The State Land Board at their April 12 meeting presented two 2015 Wetland Project Awards for projects in Columbia County: the Batwater Station Floodplain Restoration in Clatskanie, and the Sauvie Island-North Unit Restoration in the Sauvie Island Wildlife Area.

Department of State Lands Director Jim Paul thanked the project partners for "promoting responsible, sustainable stewardship of state natural resources. It's encouraging to know about and honor outstanding projects taking place throughout Oregon."

This is the 12th year of presenting Land Board Awards.

Located on property owned by Karin Hunt, the Batwater Station Floodplain Restoration Project involved restoring wetlands on a 26-acre section of the property and reconnecting it to the Columbia River.

Governor Kate Brown, chair of the Land Board, presented the award and praised the collaborative effort as a “wonderful example of how non-profit organizations worked with a private landowner to voluntarily preserve wetlands” for fish and wildlife habitat. She also commended the property owner for including people in the equation: Hunt allows camping on the property, which has 14 tent sites and kayaks available for campers.

“We have such strong partnerships in our area, and we are all so pleased that the Batwater Station project was honored by the State Land Board,” said Kari Olsen-Hollander, manager of the Columbia Soil and Water Conservation District, who nominated the project for an award.

The Land Board recognized the following partner agencies in the project: Columbia Soil and Water Conservation District, Lower Columbia River Watershed Council, Lower Columbia Estuary Partnership and Bonneville Power (funder), and landowner Karin Hunt.

The project involved constructing tidal channels, installing large woody debris, altering the topography, and planting native shrubs and trees to replace invasive reed canary grass.

Olsen-Hollander said the project planners used innovative restoration strategies from “The Beaver Restoration Guide Book” which touts modeling beaver behavior for restoring habitat for fish, waterfowl, amphibians and reptiles.
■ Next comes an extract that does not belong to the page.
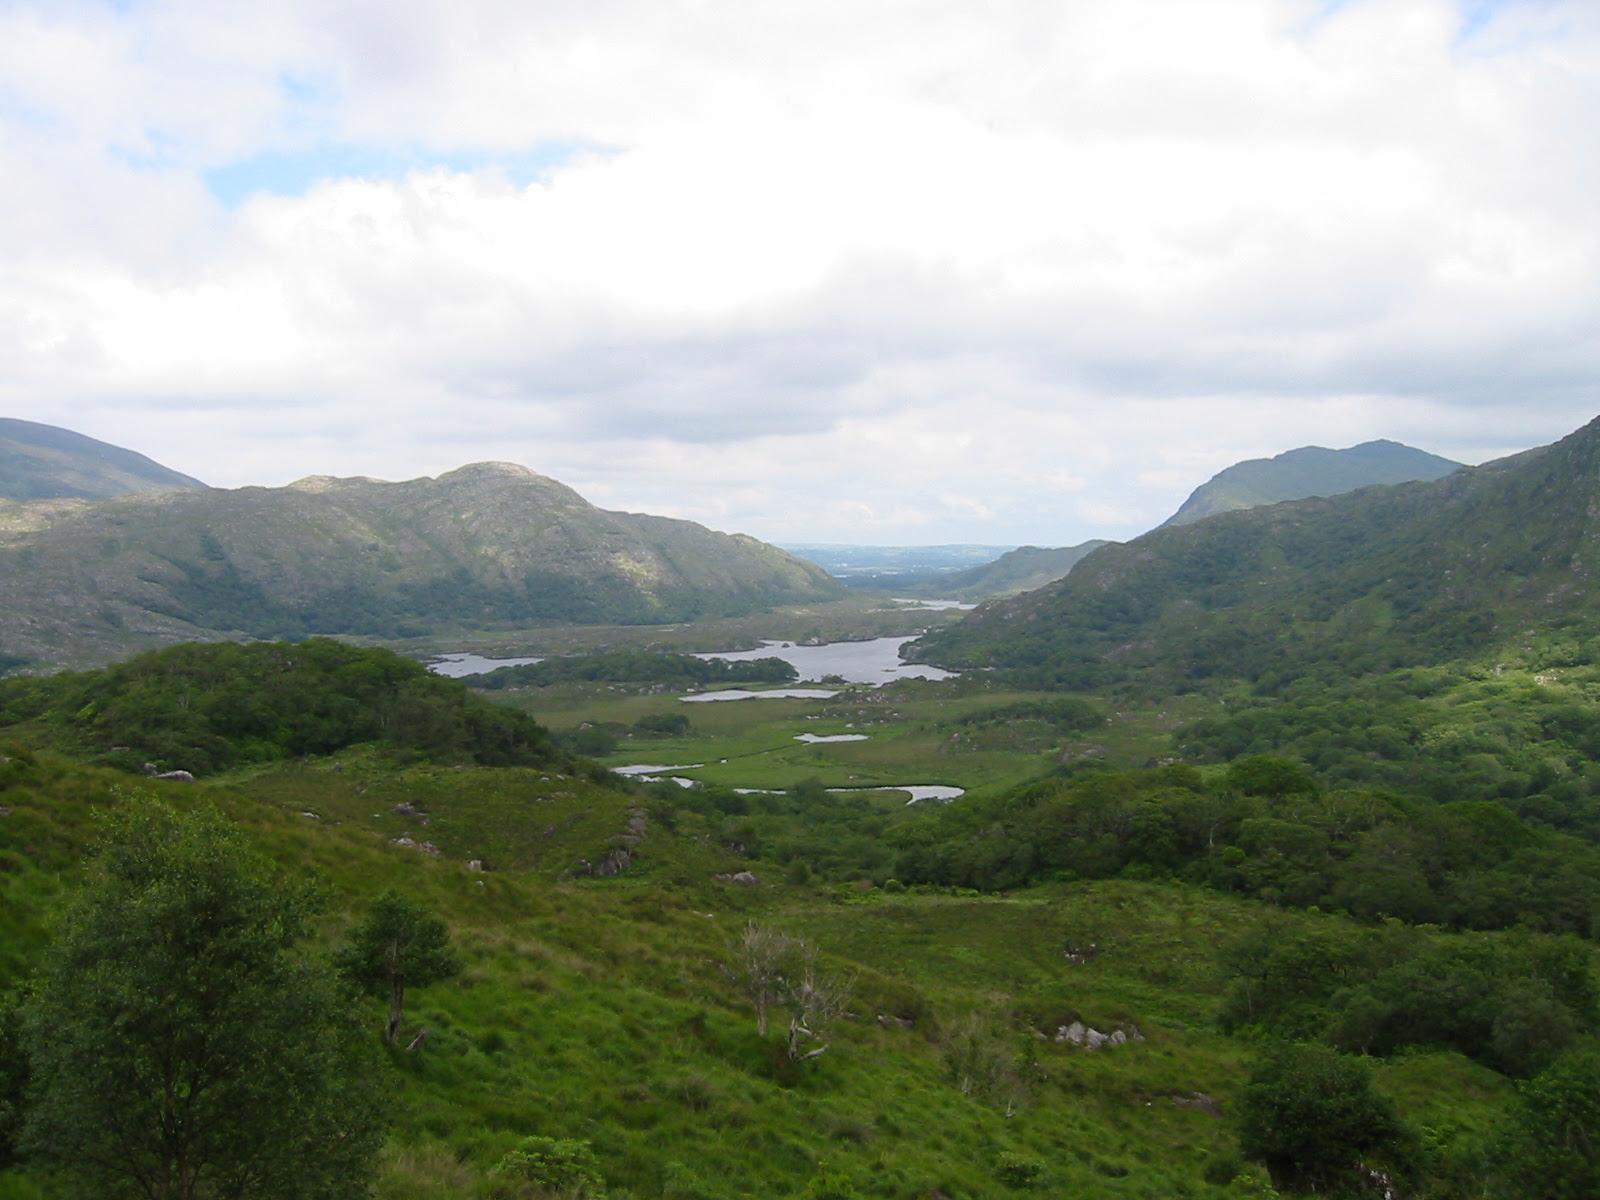 http://upload.wikimedia.org/wikipedia/commons/9/9c/Lakes_of_Killarney.JPG
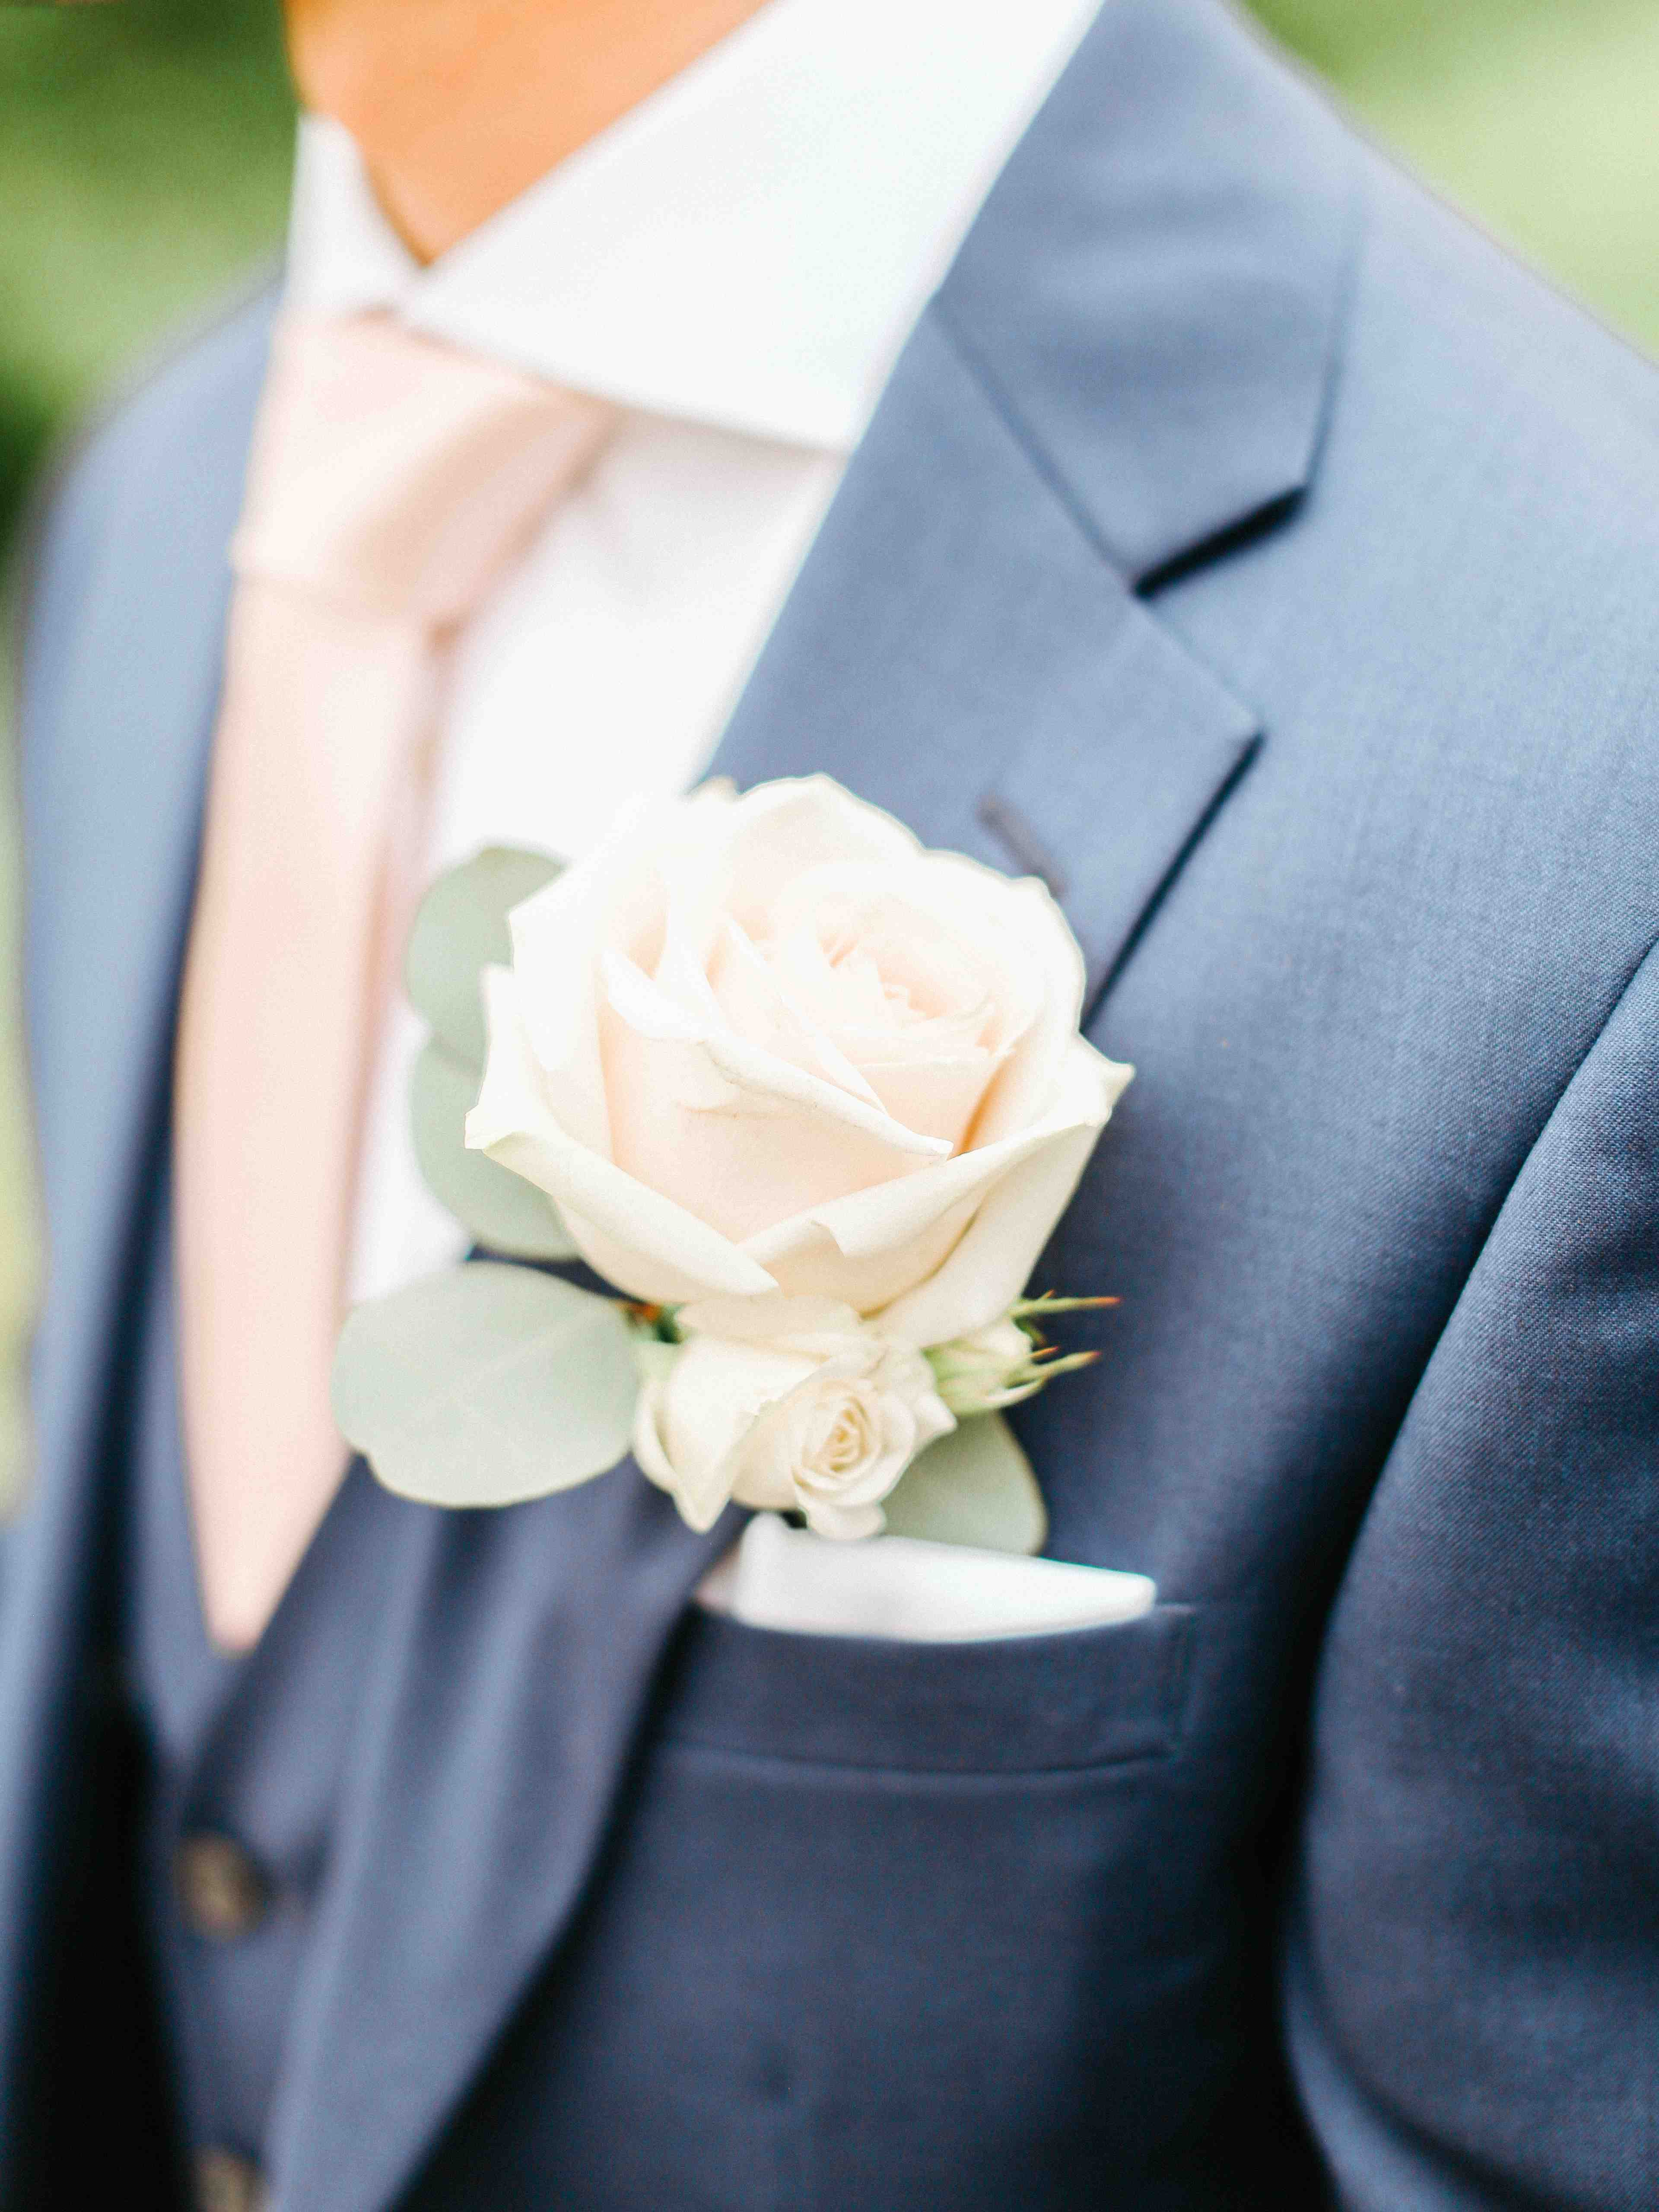 Spring Silchester House Wedding with Blush, White & Gold Colour Scheme

Olsen-Hollander said that if the techniques prove to be successful over time, there could be significant cost savings in using them in designing future conservation projects.

State Treasurer Ted Wheeler, a member of the Board who presented the award, praised the scope of the Sauvie Island-North Unit Restoration Project, which opened up more than 330 acres of side channel and freshwater wetlands, and added 25,000 wetland plants, riparian shrubs and trees to the site.

“In addition to restoring wetland habitat, I was impressed with how the project proponents engaged local schoolchildren in the process," Wheeler said. The Columbia River Estuary Study Task Force (CREST) and consultant PC Trask & Associates have teamed up with the Sauvie Island Academy on an education and outreach program where sixth through eighth graders visit the site to learn about wetland ecology, endangered species and water quality. The students have planted more than 800 willows and 300 wapato bulbs at the site.

The project also involved lowering the marsh plain to contain the spread of invasive reed canary grass, and to provide better habitat for native marsh species.

“Our project team is greatly honored to receive this recognition from the Land Board,” said Tom Josephson, CREST project manager. “Our work over the last three years with the Oregon Department of Fish and Wildlife, as well as with many contractors and school kids, has made this a successful restoration project that will truly benefit salmon and other wildlife on Sauvie Island and in the Columbia River.”

The Land Board recognized the following organizations involved in the project: CREST, ODFW, Bonneville Power Administration (funder), Environmental Science Associates, PC Trask & Associates, Aquatic Contracting, and Biohabitats Inc.

The State Land Board consists of Governor Kate Brown, Secretary of State Jeanne P. Atkins and State Treasurer Ted Wheeler. The Department of State Lands administers diverse natural and fiscal resources. Many of the resources generate revenue for the Common School Fund, such as state-owned rangelands and timberlands, waterway leases, estates for which no will or heirs exist, and unclaimed property. Twice a year, the agency distributes fund investment earnings to support K-12 public schools. The agency also administers Oregon's Removal-Fill Law, which requires people removing or filling certain amounts of material in waters of the state to obtain a permit.